→ **STORED DATA**:
-- -- --

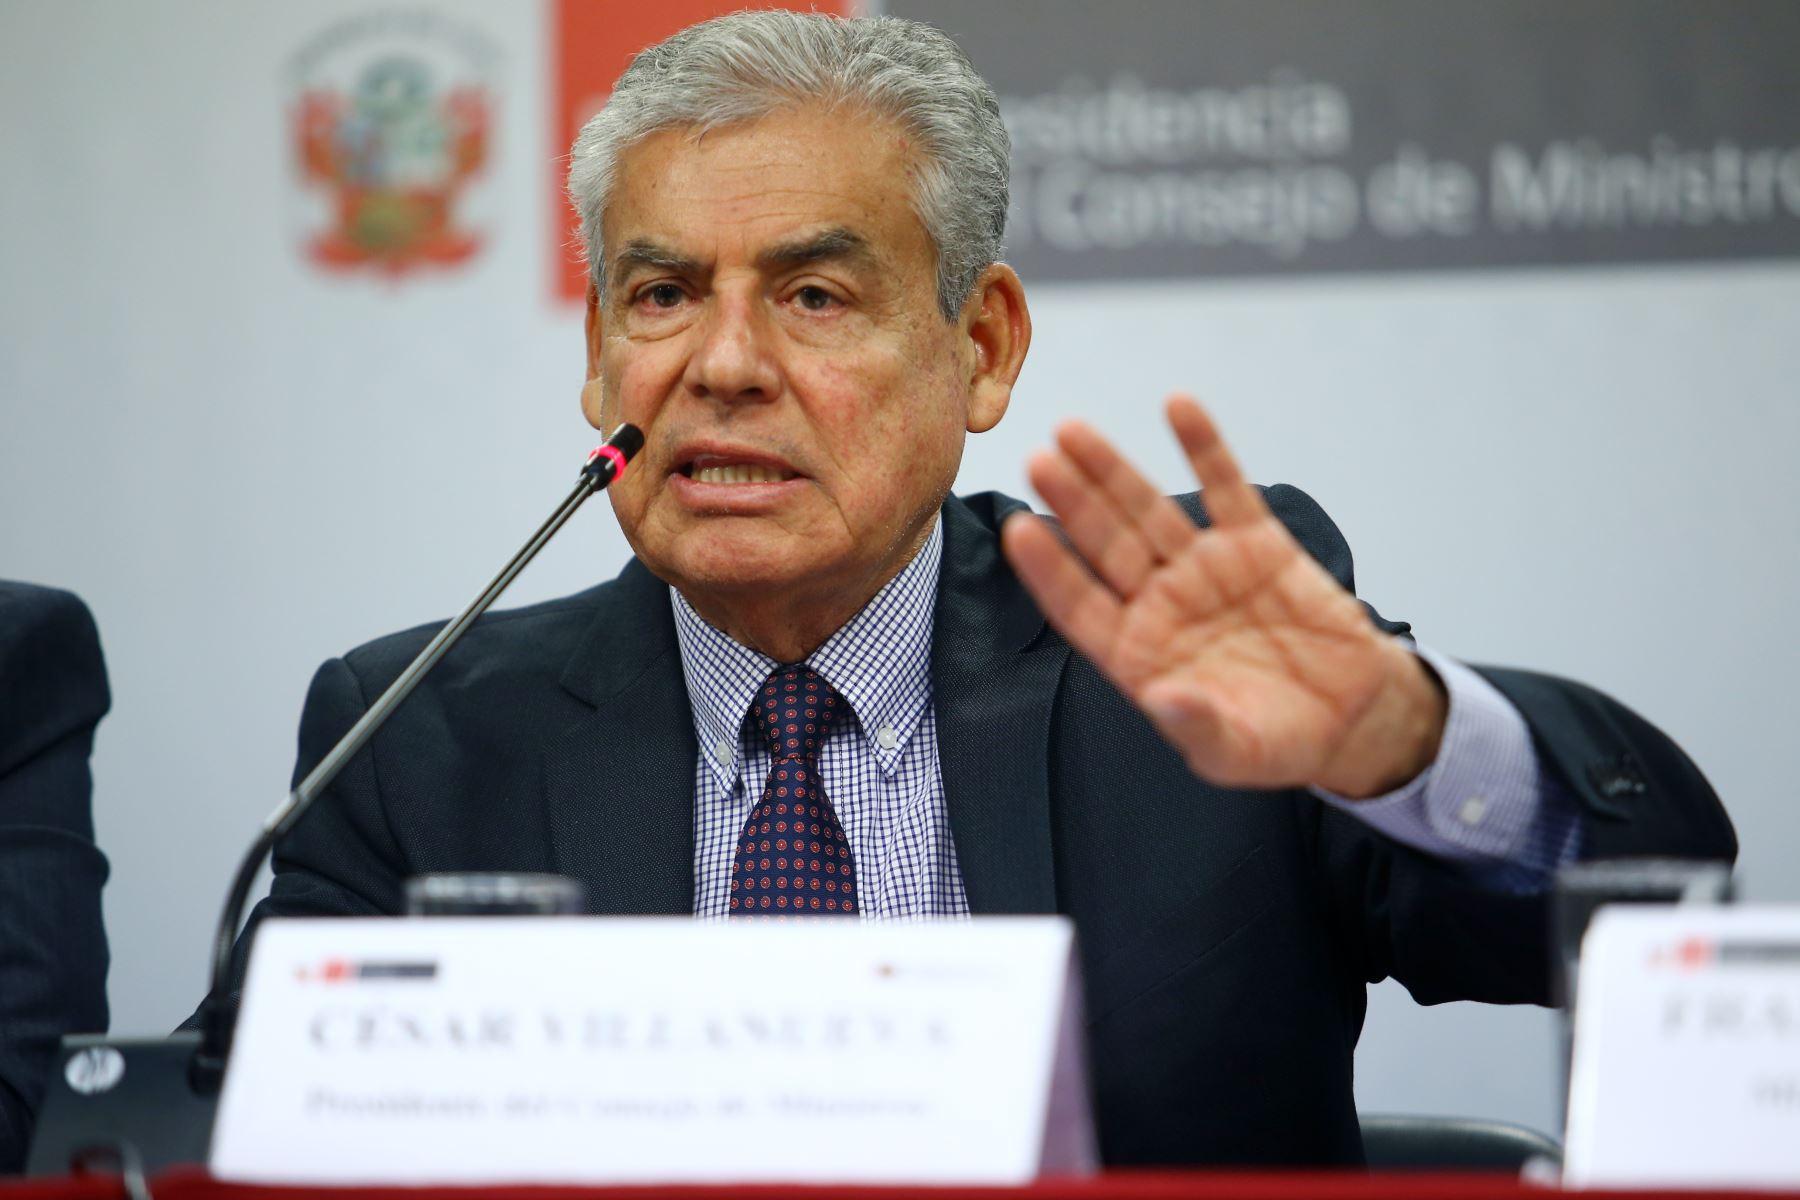 Jefe del Gabinete, César Villanueva, en conferencia de prensa tras reunión del Consejo de Ministros. Foto: ANDINA/Melina Mejía.
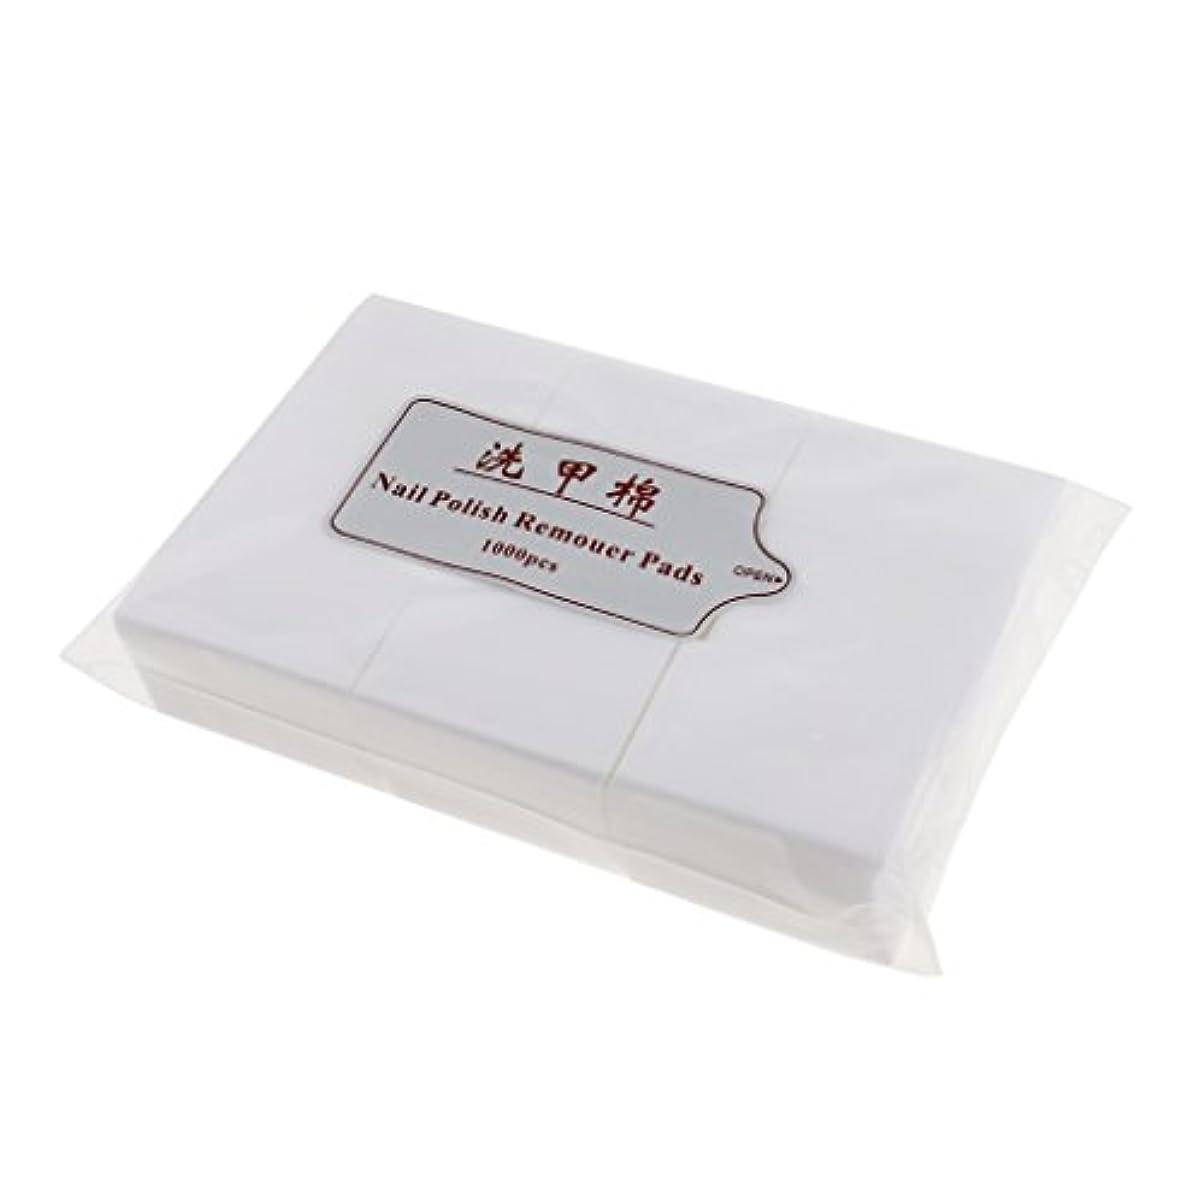 縮約苦味クックPerfk 約1000個 ネイルコットンパッド ネイルアートチップ パッド紙 マニキュア 吸水性 衛生的 ネイルサロン
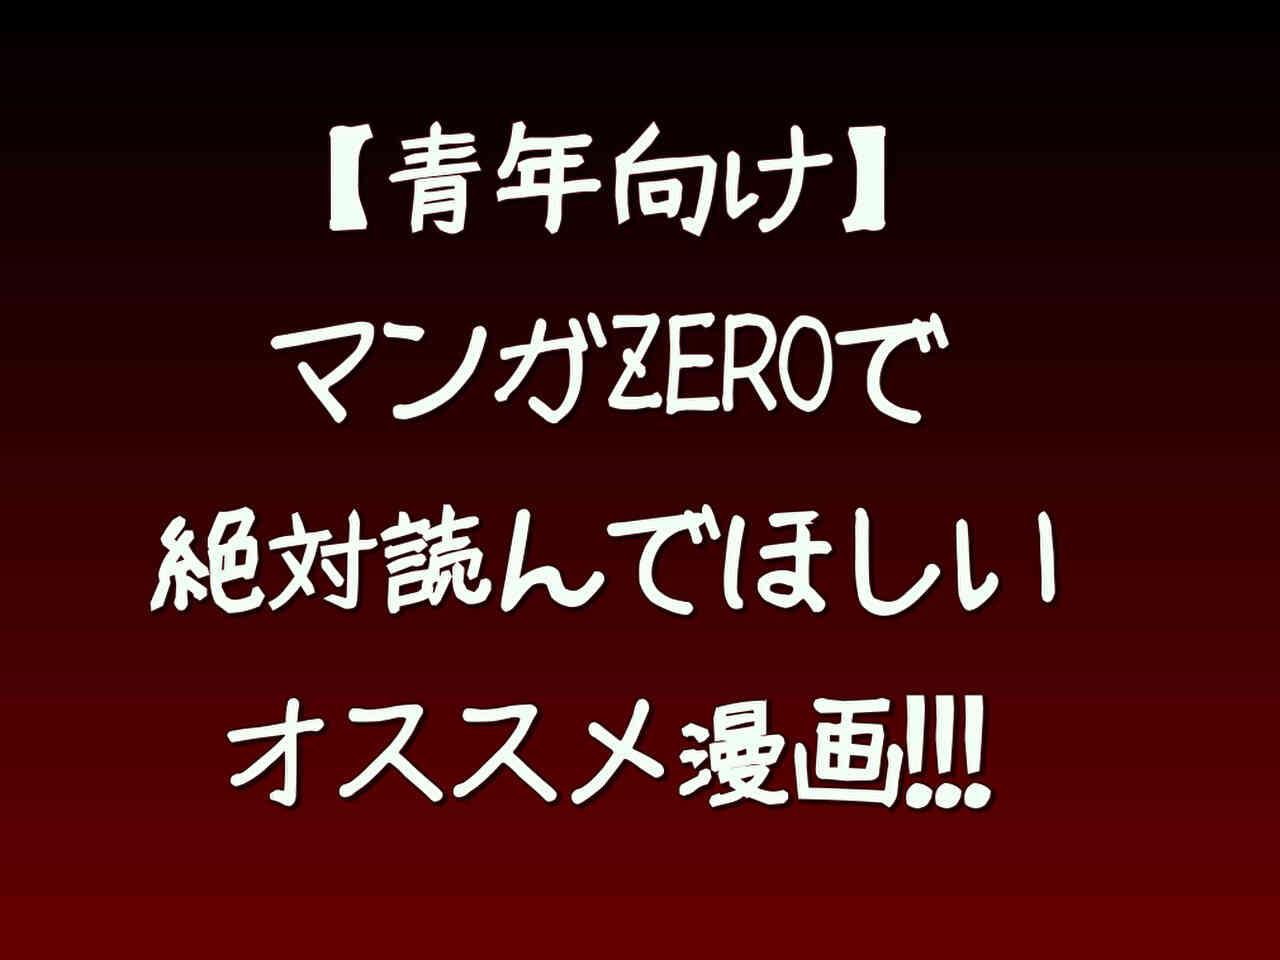 【青年向け】マンガZEROで絶対読んでほしいオススメ漫画!!!
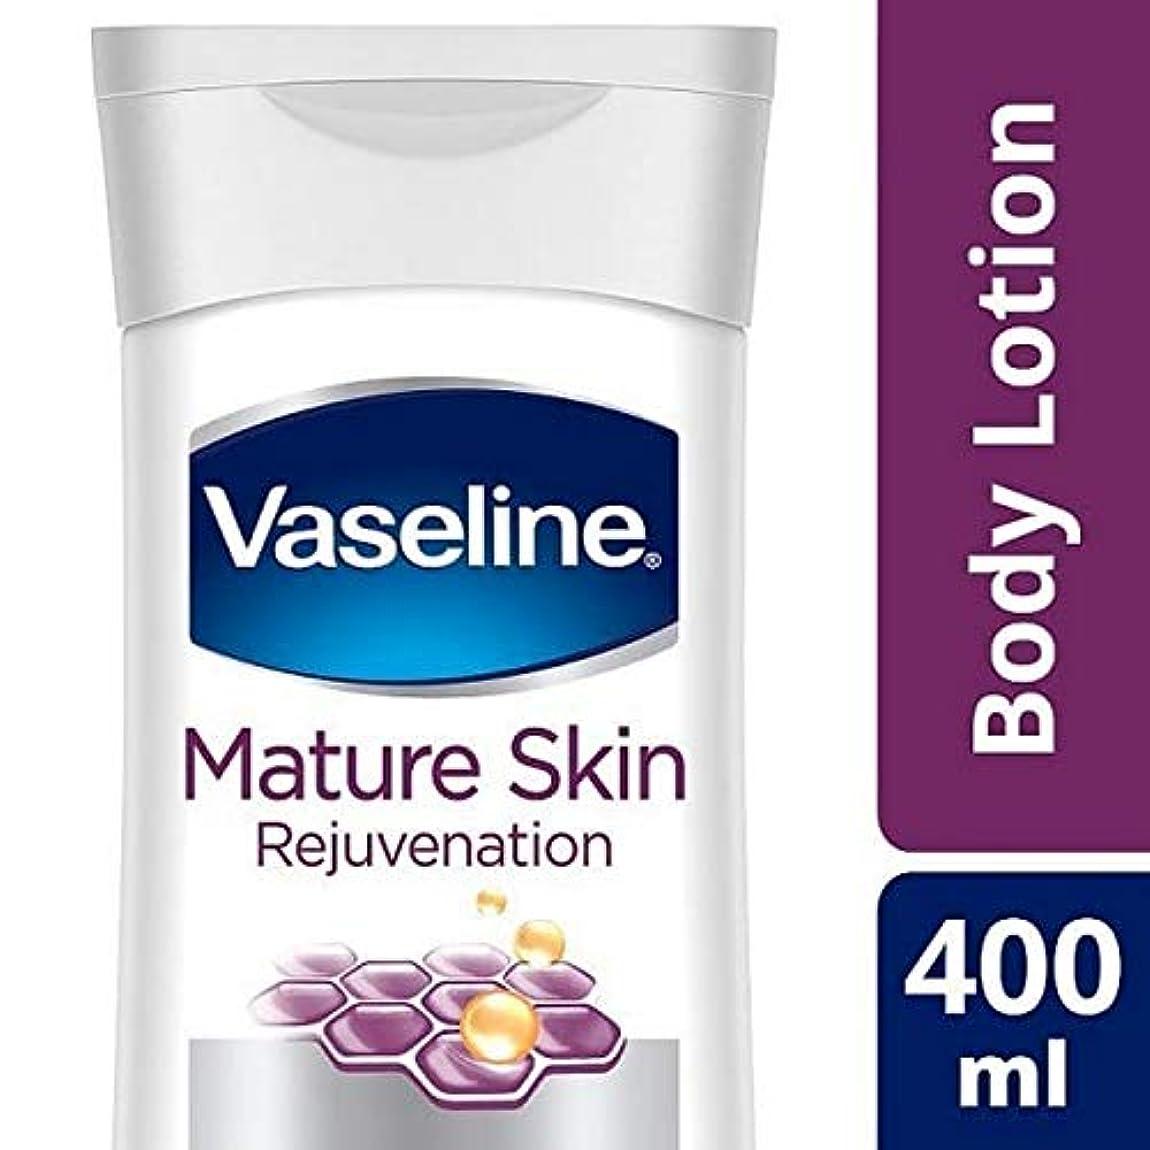 交換太字補助[Vaseline ] 成熟した肌のための400ミリリットルワセリン集中治療ボディローション - Vaseline Intensive Care Body Lotion for Mature Skin 400ml [並行輸入品]

-- -- --

→ **TRY IT**:
From the first line to the last, repeat the listing exactly and skip its images.

→ **SOLUTION TO THE PROBLEM**:
 Jefe del Gabinete, César Villanueva, en conferencia de prensa tras reunión del Consejo de Ministros. Foto: ANDINA/Melina Mejía.
 縮約苦味クックPerfk 約1000個 ネイルコットンパッド ネイルアートチップ パッド紙 マニキュア 吸水性 衛生的 ネイルサロン
 【青年向け】マンガZEROで絶対読んでほしいオススメ漫画!!!
 交換太字補助[Vaseline ] 成熟した肌のための400ミリリットルワセリン集中治療ボディローション - Vaseline Intensive Care Body Lotion for Mature Skin 400ml [並行輸入品]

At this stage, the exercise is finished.